** Working data **
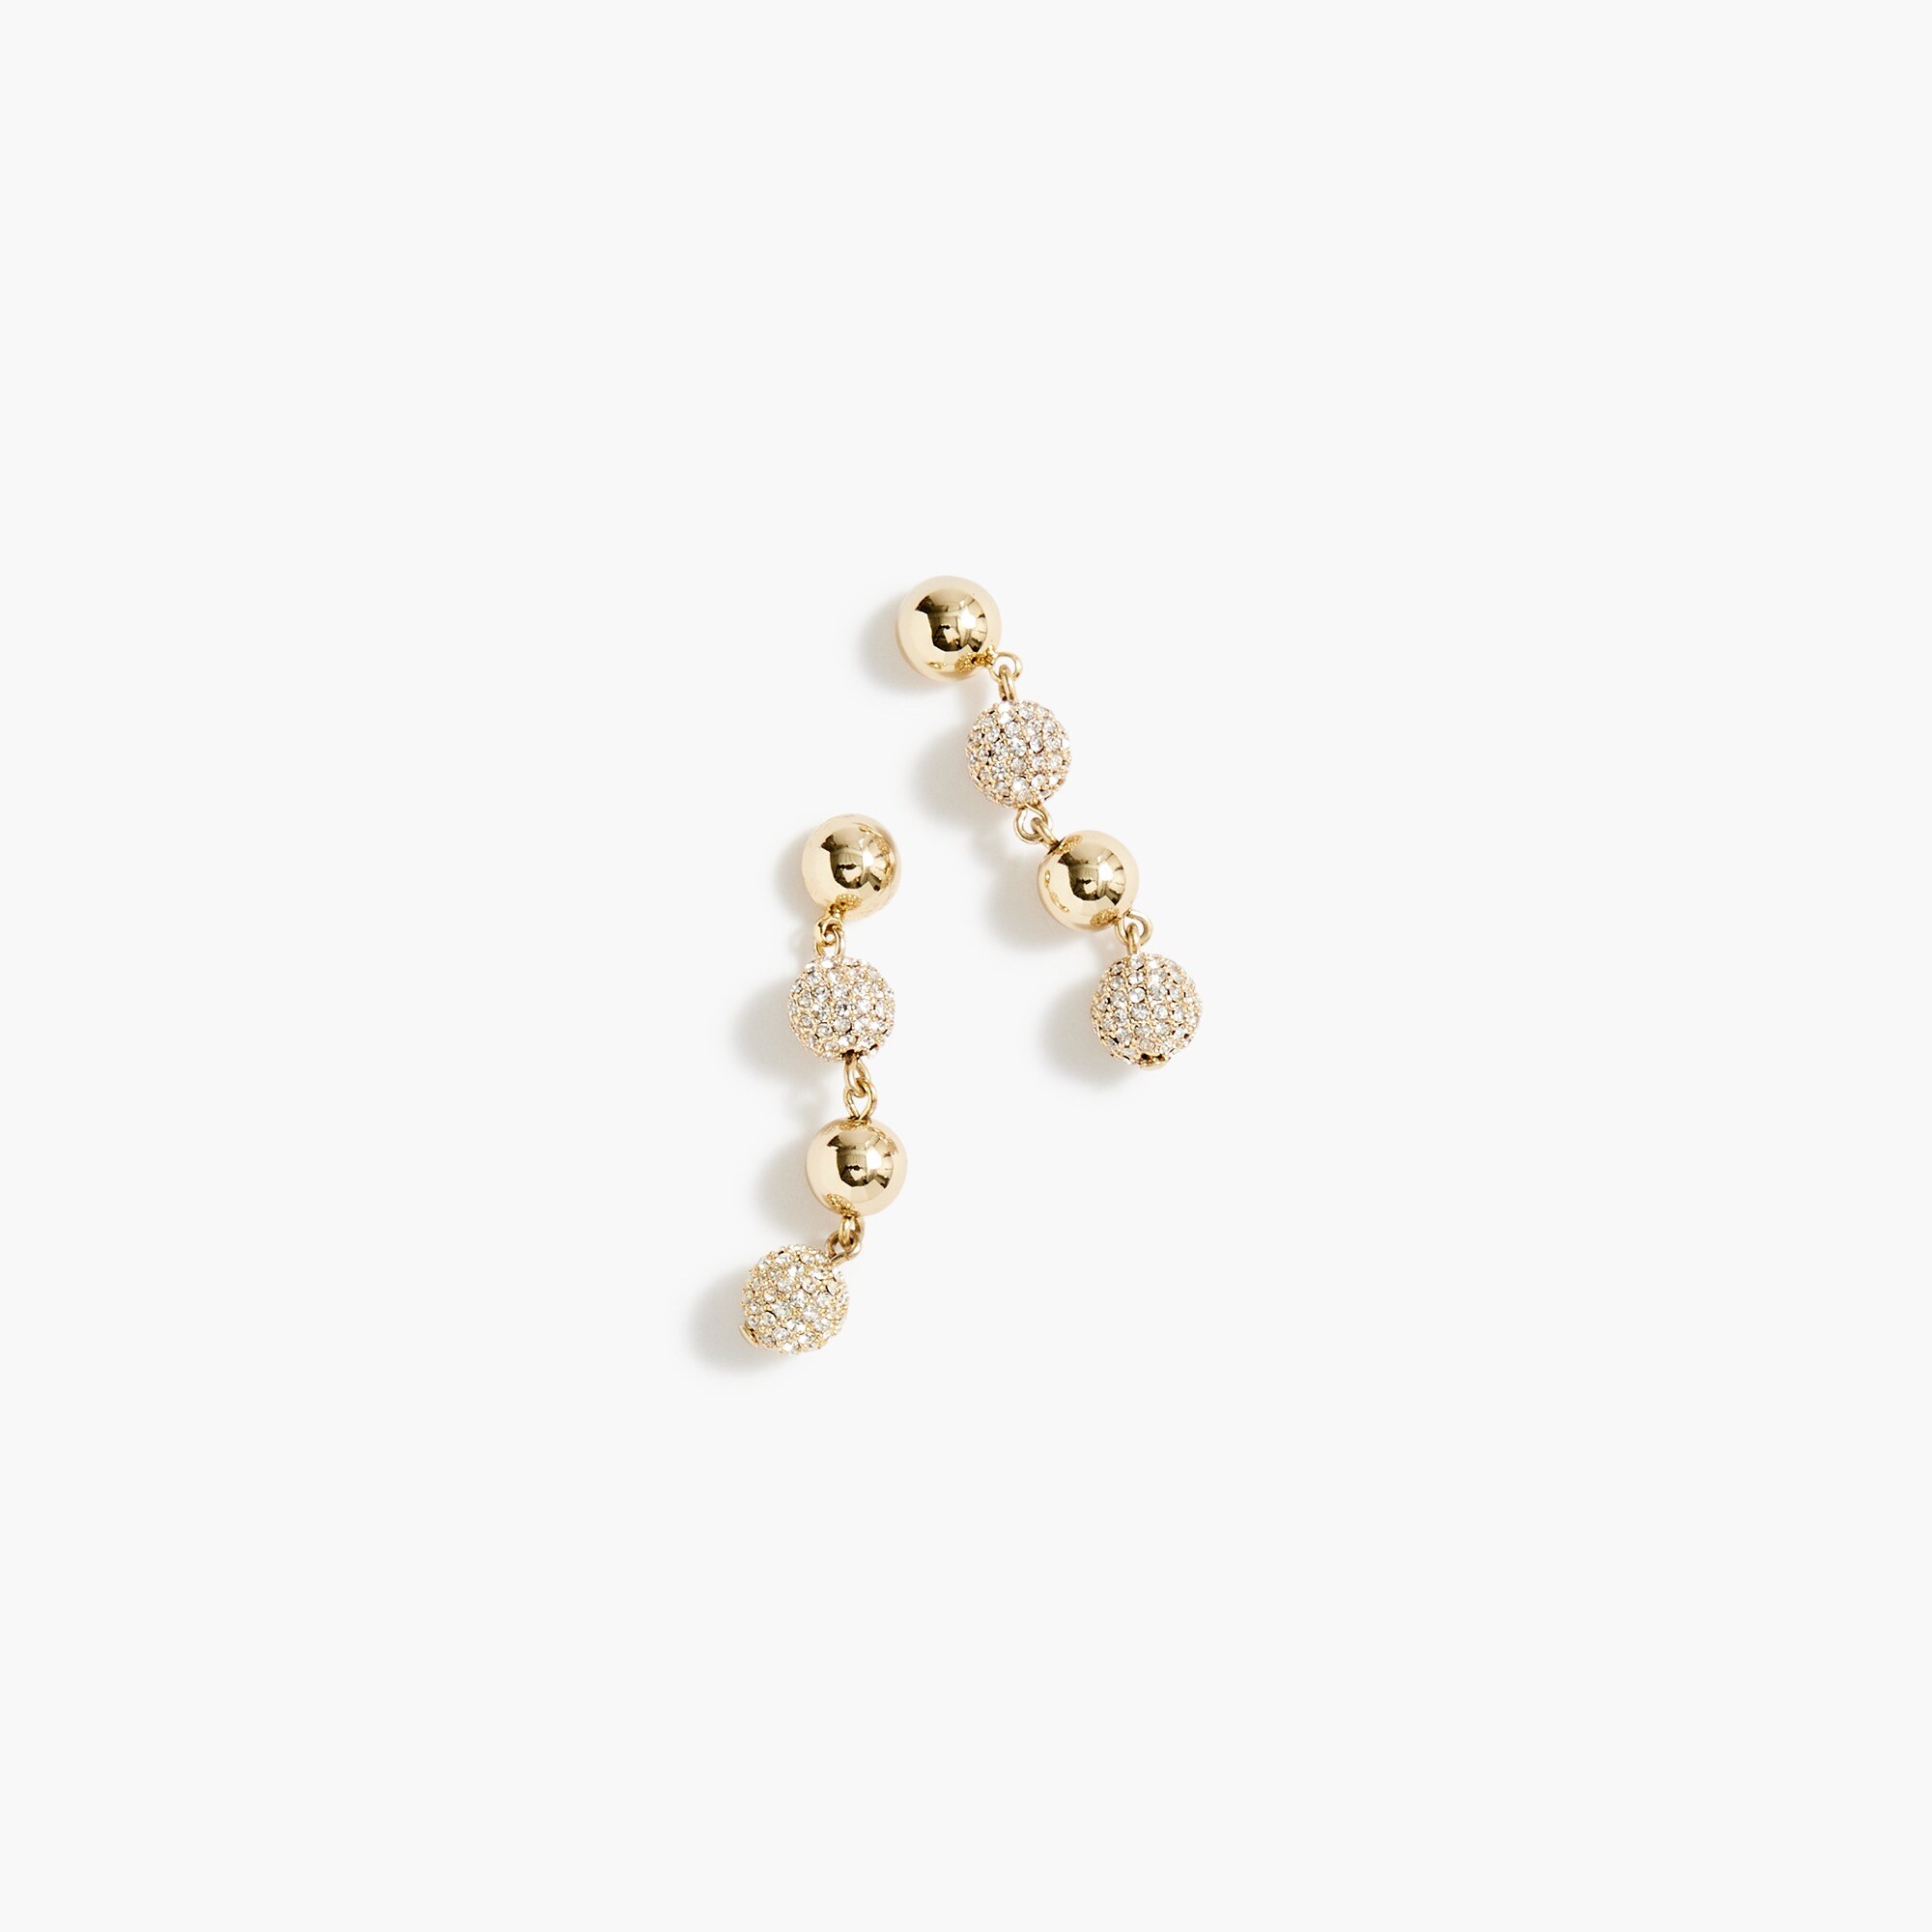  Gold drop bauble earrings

...

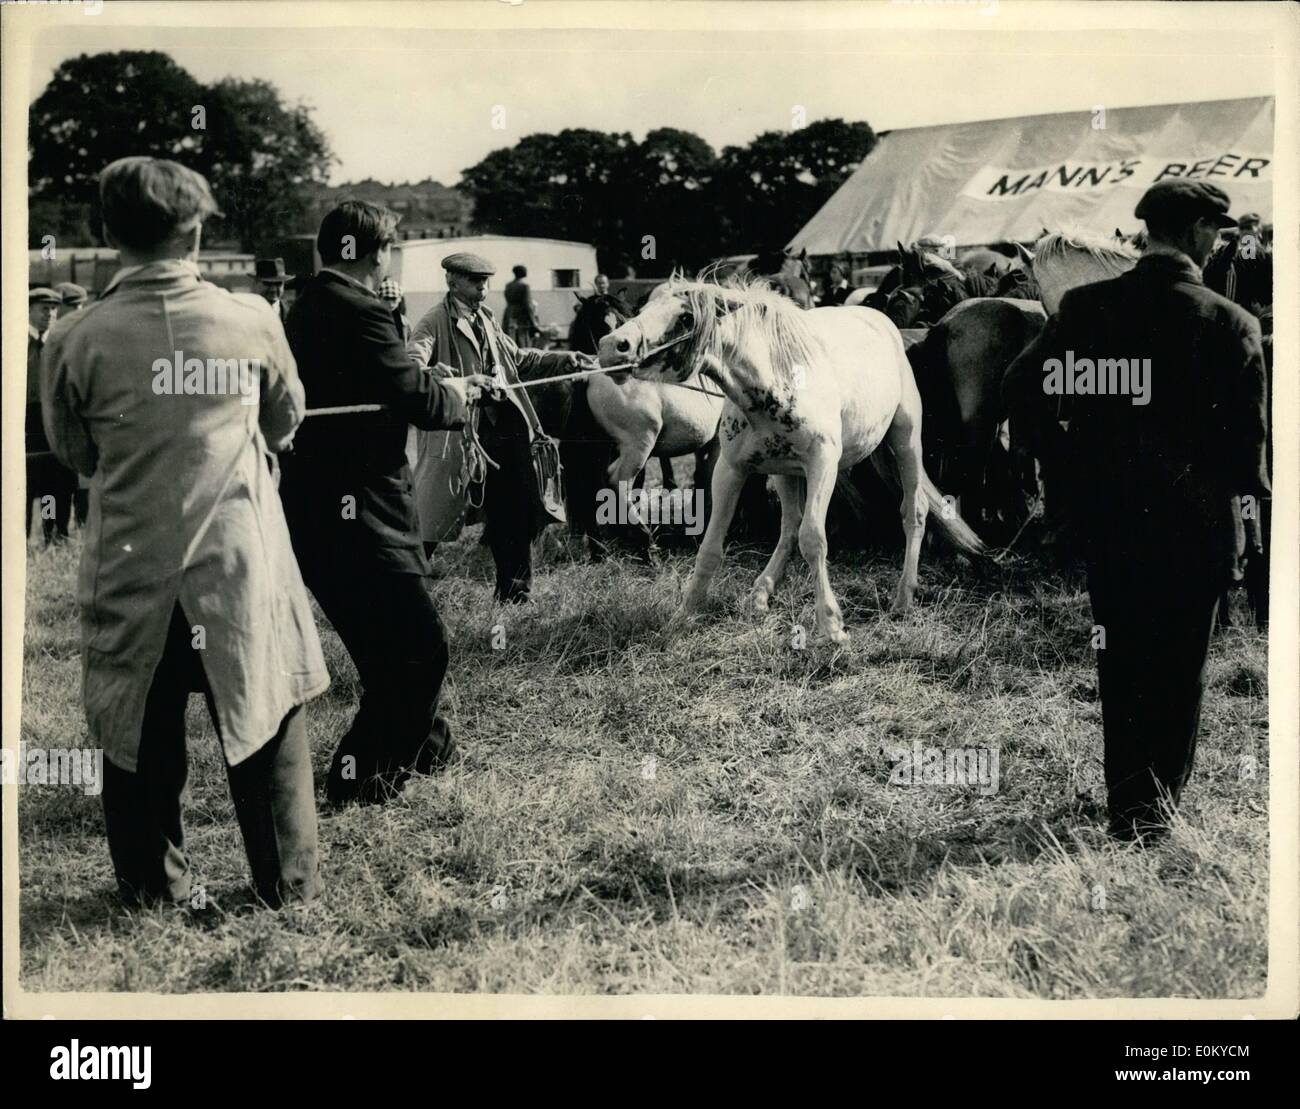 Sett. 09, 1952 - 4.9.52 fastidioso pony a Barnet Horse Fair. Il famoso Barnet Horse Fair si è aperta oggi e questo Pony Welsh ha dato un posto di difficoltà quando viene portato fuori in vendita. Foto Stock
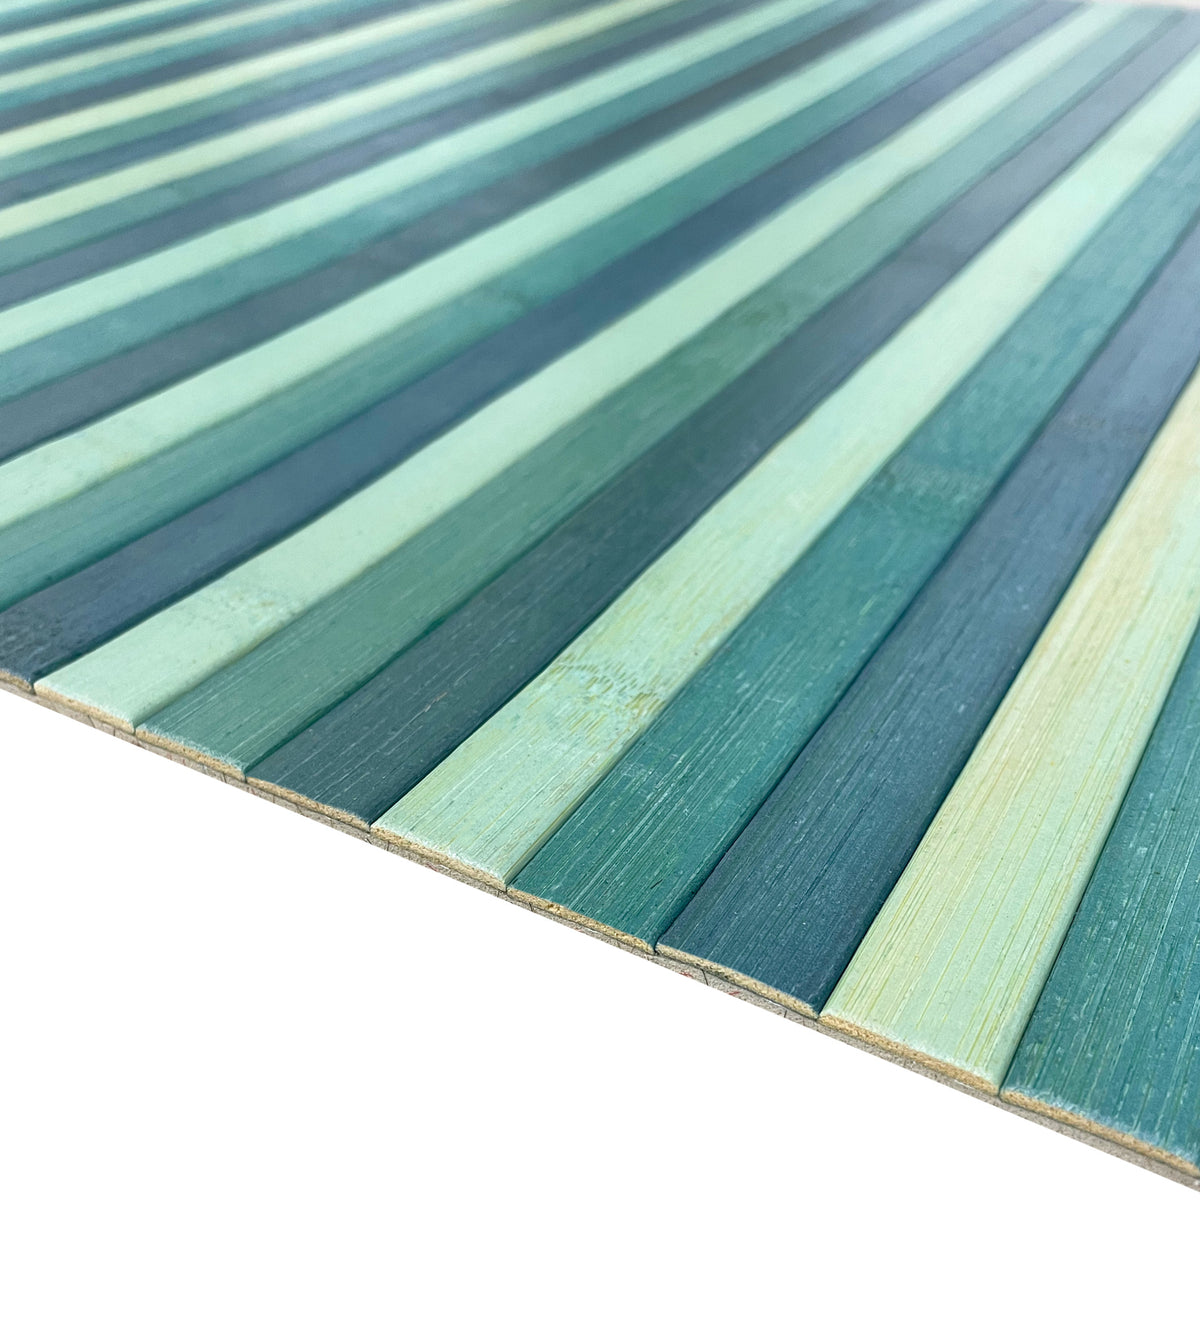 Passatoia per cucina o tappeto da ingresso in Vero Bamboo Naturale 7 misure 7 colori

** Activity **
Print, word for word, the lines above that run from the line containing "Sett. 09, 1952" to the line containing "Passatoia per cucina", both included. Keep the pictures out.

** Answer box **
 Sett. 09, 1952 - 4.9.52 fastidioso pony a Barnet Horse Fair. Il famoso Barnet Horse Fair si è aperta oggi e questo Pony Welsh ha dato un posto di difficoltà quando viene portato fuori in vendita. Foto Stock
 Passatoia per cucina o tappeto da ingresso in Vero Bamboo Naturale 7 misure 7 colori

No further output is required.